President Bush was talking a lot of sense in the following speech:

-- History has shown that the greater threat to economic prosperity is not too little government involvement in the market, it is too much government involvement in the market.

-- Like any other system designed by man, capitalism is not perfect. It can be subject to excesses and abuse. But it is by far the most efficient and just way of structuring an economy.

-- Ultimately, the best evidence for free market capitalism is its performance compared to other economic systems.
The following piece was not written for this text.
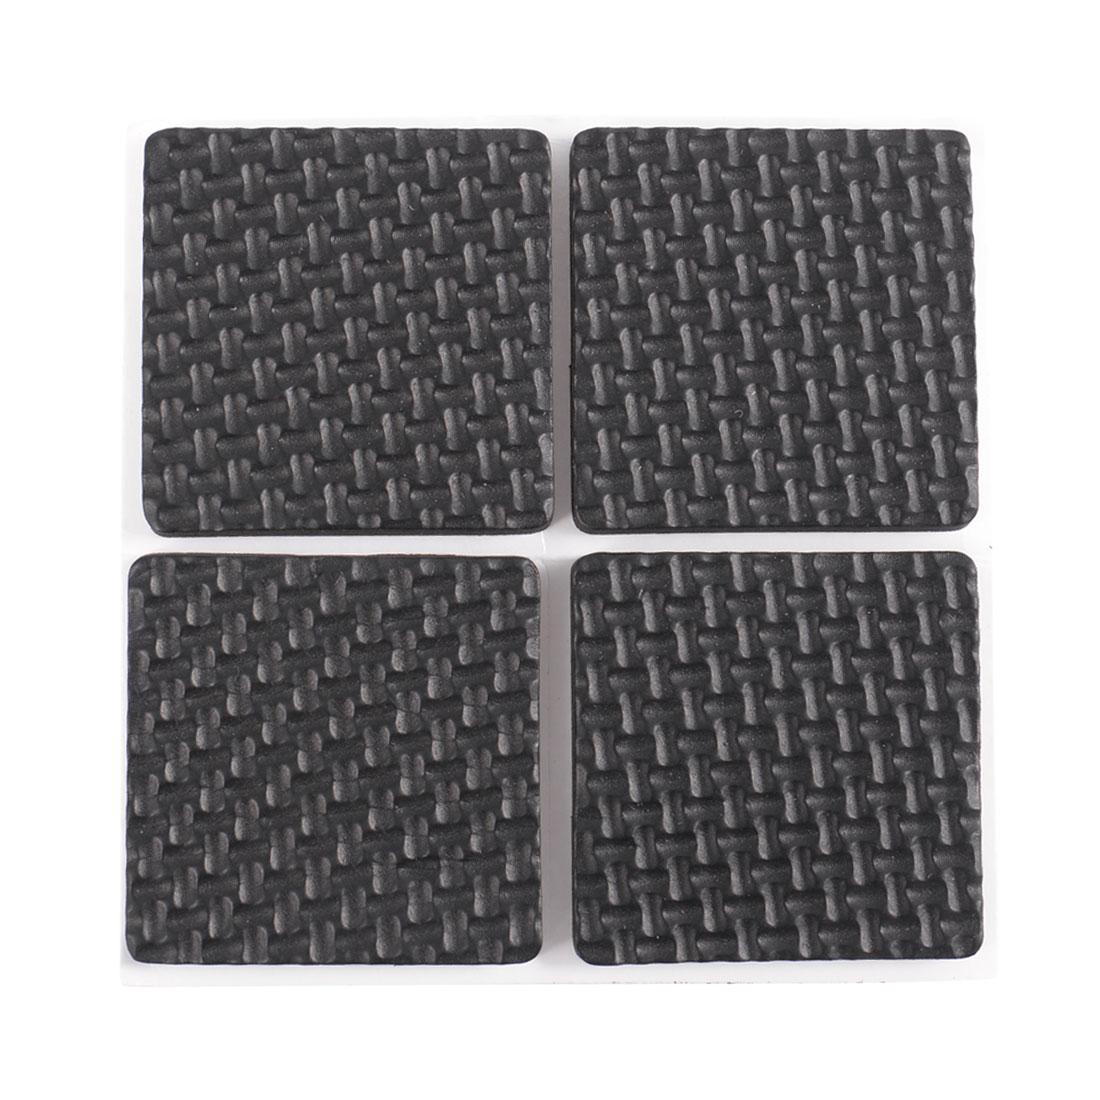 4 Pcs Square Shaped Black Nonslip Foam Adhesive Pad Mat for Furniture

-- The record is unmistakable: If you seek economic growth, if you seek opportunity, if you seek social justice and human dignity, the free market system is the way to go. (Applause.) And it would be a terrible mistake to allow a few months of crisis to undermine 60 years of success.

In other words, our trust on free market is not based on faith or belief, it is based on development experiences throughout the course of history. And we trust the free market not because it is inherently perfect or good in an absolute sense, it is simply better than all the EXISTING alternatives. Unless humans are lucky enough to stumble on another system better free market, if we want to prosper, there is simply NO other way.

For the full speech, read here.

All the recent BS about free market fundamentalism is simply that, BS. No sophisticated free market supporter subscribes to that strawman anyway.

BTW, for those on the left who want to criticize Milton Friedman and other intellectual leaders of the free market, please, please at least read through their stuff before attacking them, not by imaging something they had said or believed and then criticized them on stuff that they did not write or say.

Read the damn books/papers or shut the (insert a four letter word here) up!

Thursday, November 06, 2008

Learn Property Rights Economics from its Guru

Here is the opportunity. More importantly, it is FREE, for now anyway. The chapters are from professor Yoram Barzel's property rights economics text. The first edition came out 1989 and the second one came out in 1997, I read both and the text is an excellent introduction to the subject though professor Barzel's writing can be dry at times. My guess is the online chapters indicate that professor Barzel is preparing the third edition of the book.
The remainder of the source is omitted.